The Chairman of the Constituent Assembly, Victor Tchernov, sends his fraternal greetings to the heroic comrades–sailors, the Red Army men and workers, who for the third time since 1905 are throwing off the yoke of tyranny. He offers to aid with men and to provision Kronstadt through the Russian coöperatives abroad. Inform what and how much is needed. Am prepared to come in person and give my energies and authority to the service of the people’s revolution. I have faith in the final victory of the laboring masses. *** Hail to the first to raise the banner of the people’s liberation! Down with despotism from the left and right!

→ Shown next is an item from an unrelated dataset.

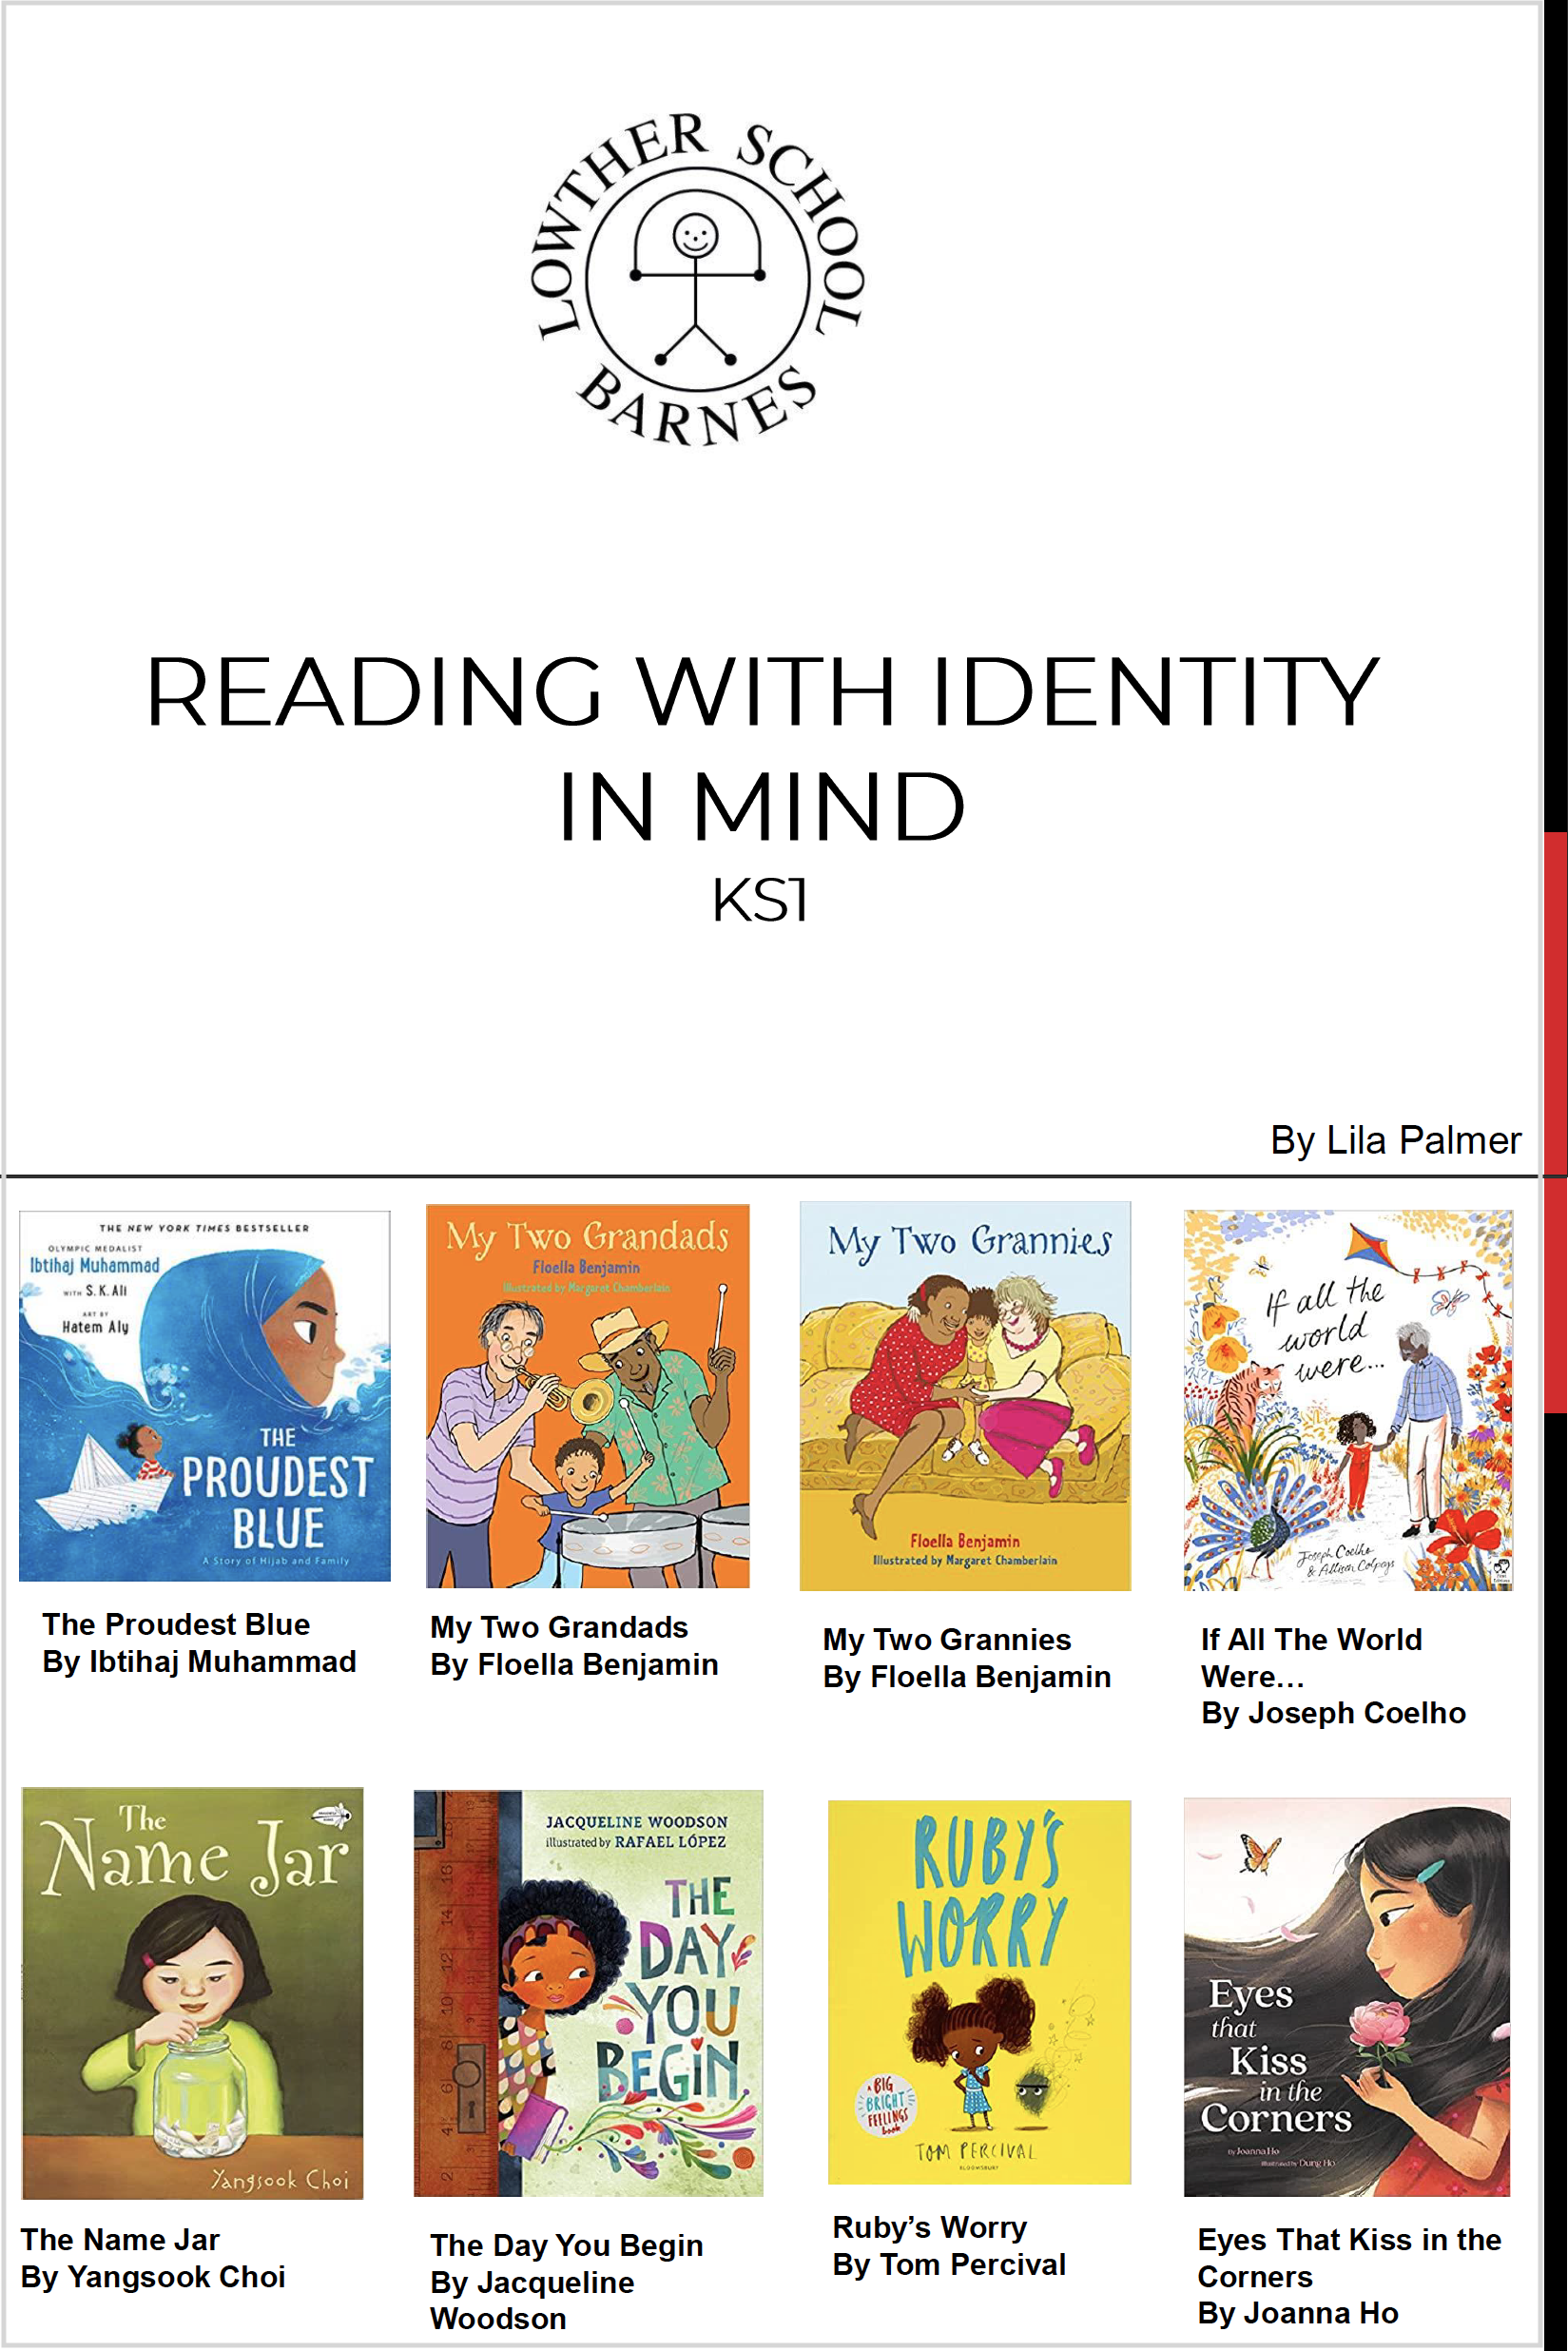 KS1 Reading with identity in mind PDF link

At the same time the Socialist–Revolutionist Party sent the following message to Kronstadt: The Socialist–Revolutionist delegation abroad *** now that the cup of the people’s wrath is overflowing, offers to help with all means in its power in the struggle for liberty and popular government. Inform in what ways help is desired. Long live the people’s revolution! Long live free Soviets and the Constituent Assembly!}} The Kronstadt Revolutionary Committee declined the Socialist–Revolutionist offers. It sent the following reply to Victor Tchernov:

The Provisional Revolutionary Committee of Kronstadt expresses to all our brothers abroad its deep gratitude for their sympathy. The Provisional Revolutionary Committee is thankful for the offer of Comrade Tchernov, but it refrains for the present: that is, till further developments become clarified. Meantime everything will be taken into consideration.

PETRICHENKO
Chairman Provisional Revolutionary Committee

Moscow, however, continued its campaign of misrepresentation. On March 3 the Bolshevik radio station sent out the following message to the world (certain parts undecipherable owing to interference from another station):

*** That the armed uprising of the former general Kozlovsky has been organised by the spies of the Entente, like many similar previous plots, is evident from the bourgeois French newspaper

  1. Published in Revolutsionnaya Rossiya (Socialist–Revolutionist journal) No. 8, May, 1921. See also Moscow Izvestia (Communist) No. 154, July 13, 1922.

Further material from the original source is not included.